Curiously, Tom Holland's rather long-winded and breathy TV documentary, Islam: The untold story, was in one sense better than the book. At least some of the historians who have pioneered the historical investigation of Islam's origins were given their own space and voice. And it is surely true, as Nick Cohen says in his Standpoint review of the show, that this was perhaps the first time that television has showed any journalistic courage in the matter.

Tom Holland seems quite careful to resist any political dimension to his work. He leaves well alone anything of the "clash of civilisations" sort. He is no Elie Kedourie, Ephraim Karsh or Bernard Lewis (whose new Notes on a Century: Reflections of a Middle East Historian is great reading on the history of Islamic historicism).

If he avoids moral or political judgement, Holland was clearly right to stress that the spiritual value and power of a narrative does not depend on its being true.

Tom Holland is right to mention that Christianity has faced much of the same difficulties as to its history as are now confronting Islam. It is perhaps right to underplay - though Holland's book rightly mentions that the stress Islam lays on the factual accuracy of its holy book's divine and prophetic origins makes historical doubt more challenging for that faith than for Christianity. So I am tempted to emphasise that the whole point of faith is that it goes beyond the ordinarily factual.

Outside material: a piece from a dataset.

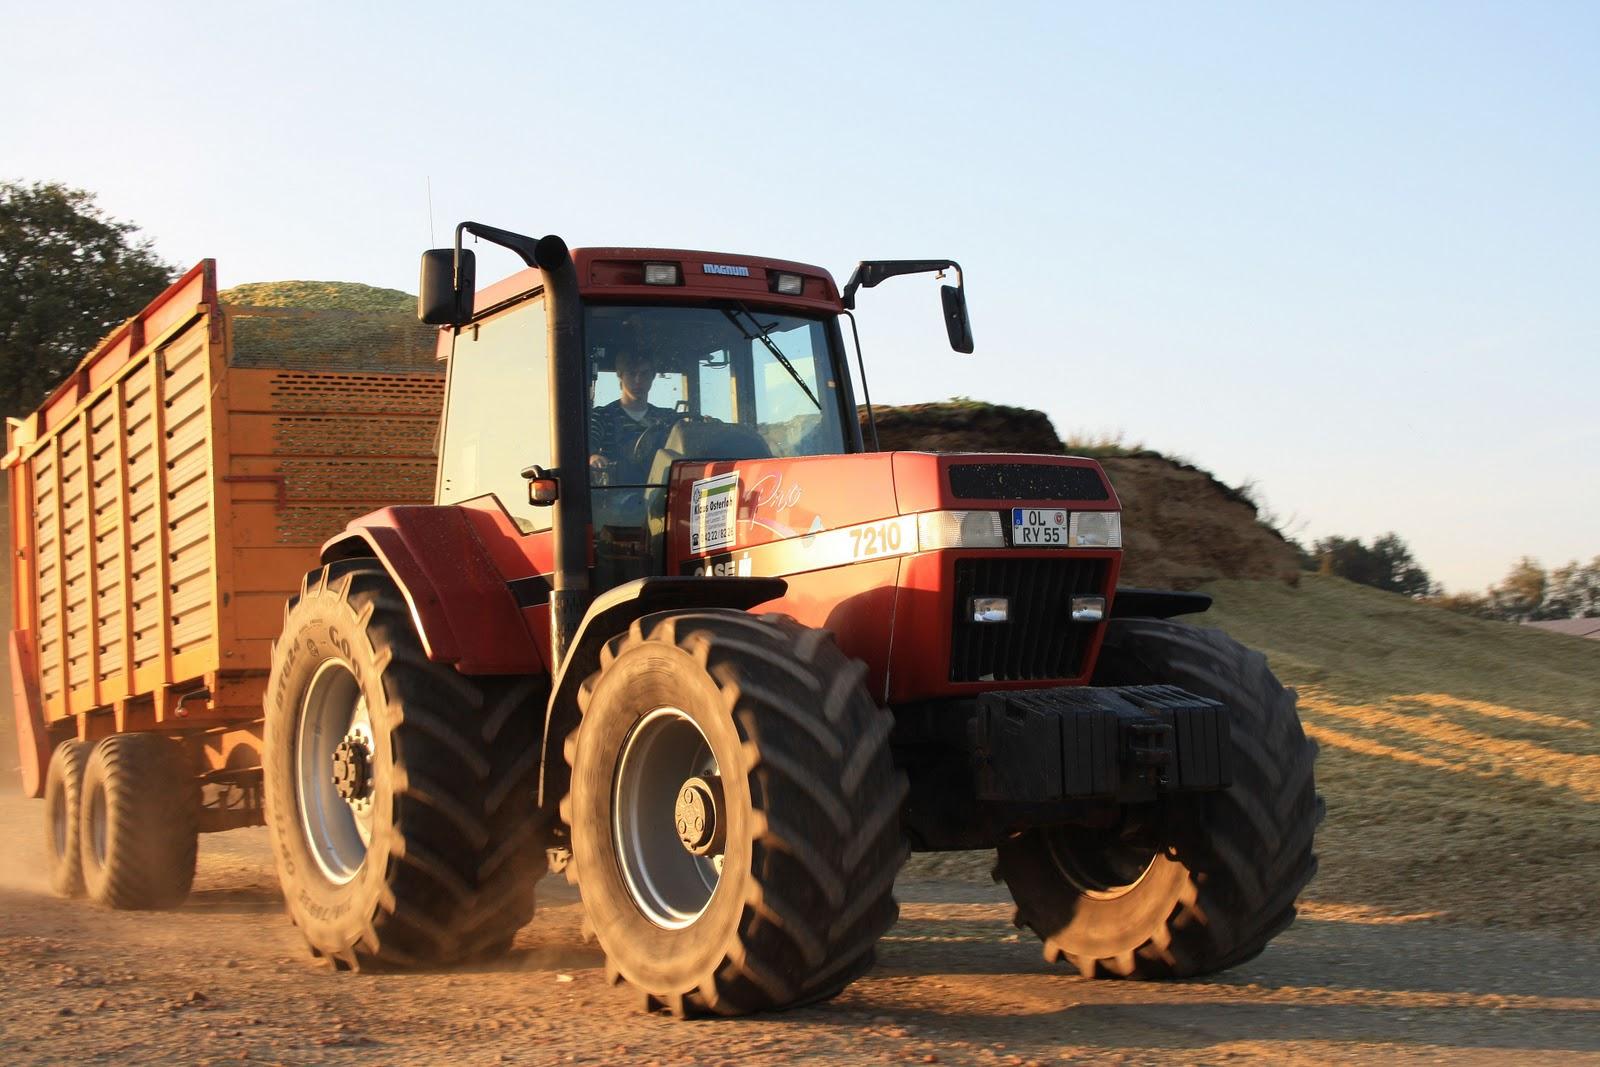 Agrar fotografie das rote silo case ih traktoren im for Fotografie case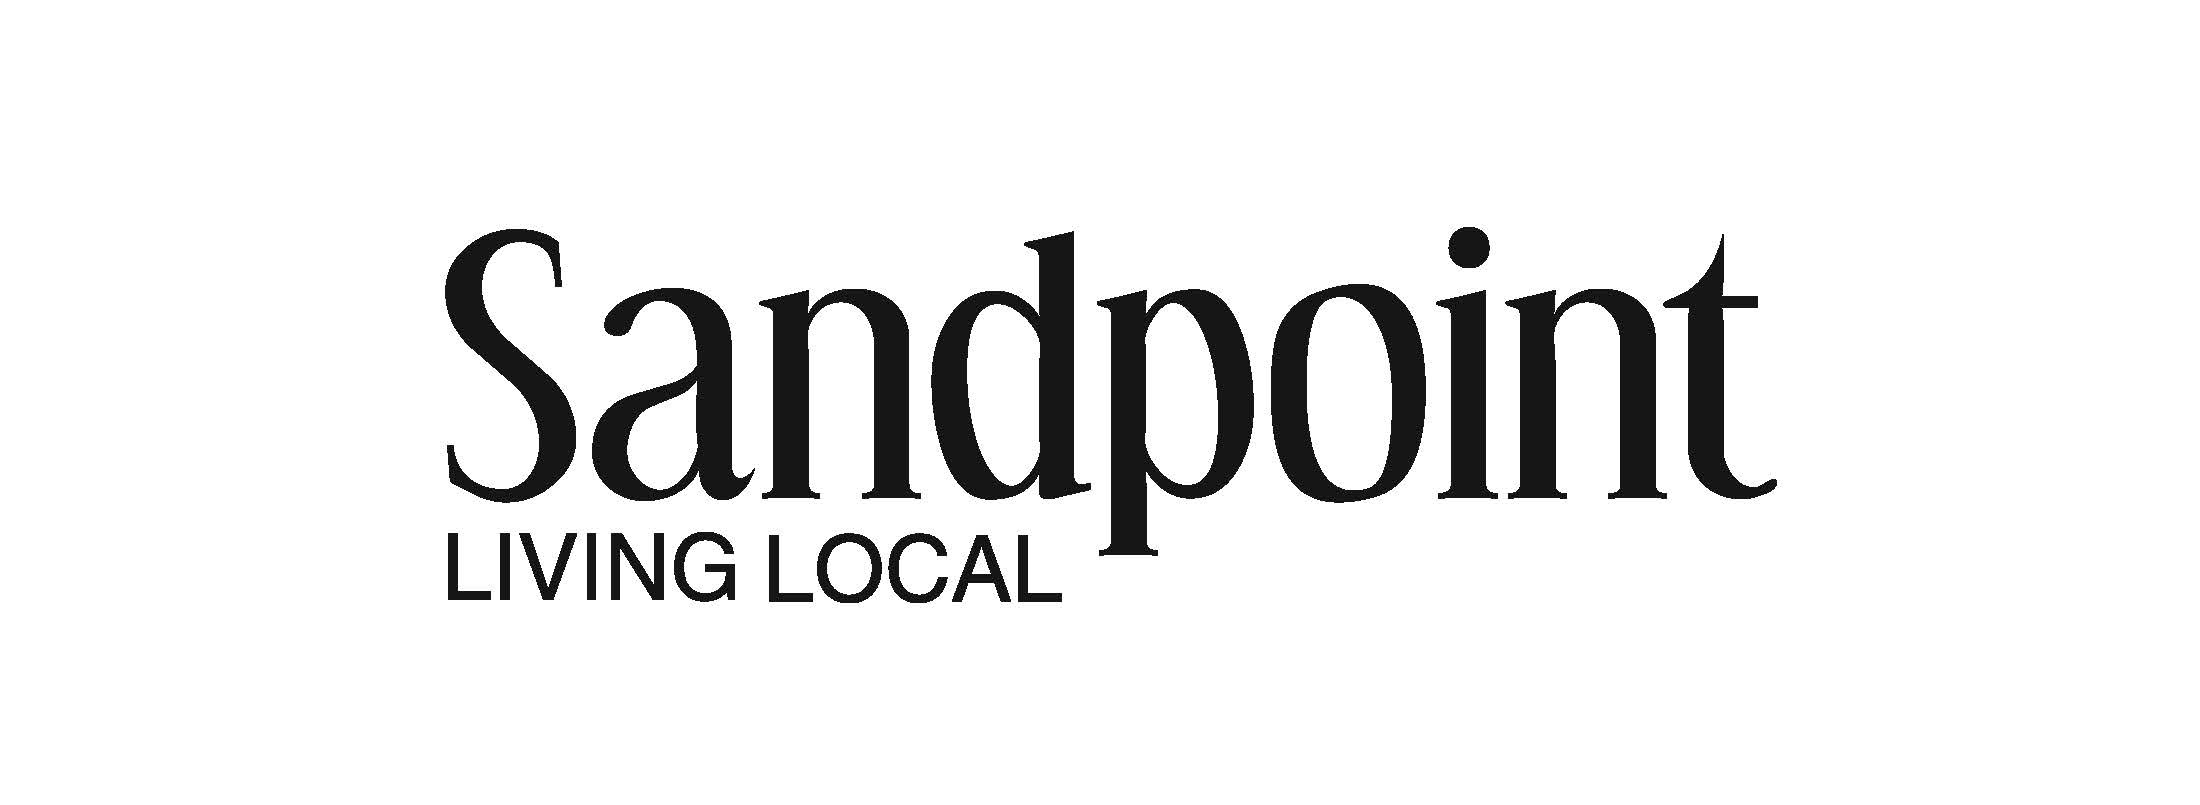 sandpointLivingLocalLogo_Page_2.jpg

In short, for the faithful who are also intelligent, this side of the grave there is no evidence as to a religion's origin, or lack of it, which can seriously enforce or demolish its spiritual merit. Islam may face a bigger crunch than Christianity as it follows older religions in absorbing these facts, and it may be galling to its adherents to have come late to its version of the Protestant Reformation (and is perhaps getting a surprising wallop of fundamentalism alongside some humanism), but it is hard for a westerner to avoid thinking that this looks like terrain which is familiar as well as unavoidable.

Richard D. North is the author of The Right-wing Guide to Nearly Everything.